Steinitz balks at taxing rich more, but may tax luxury
Treasury is considering a new tax on luxury goods, designed to bring in an estimated NIS 400 million per year, which would replace the expected income from the surtax.
After the proposal for a surtax on particularly high incomes fell through, the Finance Ministry is looking for new ways to make the rich pay.
The treasury is considering a new tax on luxury goods. It would be designed to bring in an estimated NIS 400 million per year, which would replace the expected income from the surtax.
The committee headed by Prof. Manuel Trajtenberg, which was charged with recommending changes to the country's social and economic priorities, had suggested imposing a 2% surtax on incomes of more than NIS 83,000 a month, or NIS 1 million a year.
The tax would have effectively raised marginal income tax rates to 50% for the country's best-paid residents, and capital gains tax from 27% to 30%. The Tax Authority estimated it would have brought in another NIS 400 million a year, which is not a lot, meaning that the tax's value would have been primarily declaratory, not financial.

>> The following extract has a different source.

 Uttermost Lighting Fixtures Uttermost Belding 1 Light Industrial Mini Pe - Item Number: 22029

The surtax had been an integral part of Trajtenberg's tax recommendations and had been included in the legislation based on these suggestions up until the last minute. On Monday, a moment before the Knesset voted to make the tax recommendations law, Finance Minister Yuval Steinitz agreed with Knesset Finance Committee chairman Moshe Gafni that the surtax would be dropped.

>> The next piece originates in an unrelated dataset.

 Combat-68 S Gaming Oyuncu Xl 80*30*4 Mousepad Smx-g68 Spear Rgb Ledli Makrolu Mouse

Gafni and Steinitz had been at odds over the matter - Gafni had argued that it would not only affect the rich. The Finance Ministry offered to postpone the vote on the entire tax bill, but Prime Minister Benjamin Netanyahu ordered them to hold the vote anyway. Thus, it was agreed that the problematic clause would be removed at the last minute.
Since the Trajtenberg recommendations had been fiscally balanced - meaning, the costs equaled the revenues - the last-minute omission created a NIS 400 million hole in the budget. In search of replacements, the Tax Authority suggested imposing a new tax on luxury goods. It has not defined what items would fall into this category, or what the tax rate would be.
Other options include reducing tax exemptions at duty-free shops or canceling the tax break on cell phones.
Political sources criticized the last-minute decision to drop the surtax, since this was the Trajtenberg report's biggest declarative step in raising taxes on the rich. Furthermore, it would have created a basis for further taxation on high salaries, they said.
Knesset sources said Steinitz and Netanyahu hadn't liked the proposed tax in the first place, so they were pleased with the solution.
Gafni had opposed the tax both because he said it was taxation on top of taxation, and that it wouldn't affect the rich exclusively. "Why not create a new marginal income tax bracket, beyond the new 48% bracket, of 50% on incomes above NIS 1 million?" he suggested.
Finance sources said Netanyahu would object to such a move, due to his belief that people should keep the majority of what they earn.
Gafni also noted that middle-class people who withdraw their entire pension savings at once could be forced to pay this surtax on their investment earnings. Likewise, people who sell an investment apartment could face this tax due to betterment calculations, he said.
Meanwhile, November tax data indicated that government income from direct taxes dropped, while income from indirect taxes increased. Direct taxes are taxes paid directly based on income, such as income tax, while indirect taxes are those paid through purchases, such as VAT and customs.
Direct tax revenue fell 6.1% versus November 2010, while indirect tax revenue increased 6.3%.
Total tax revenue was down 0.4% compared to last November, to NIS 17.5 billion.
Total tax revenue for 2011 as a whole is forecast to be NIS 4.5 billion less than expected, due to the slowing economy.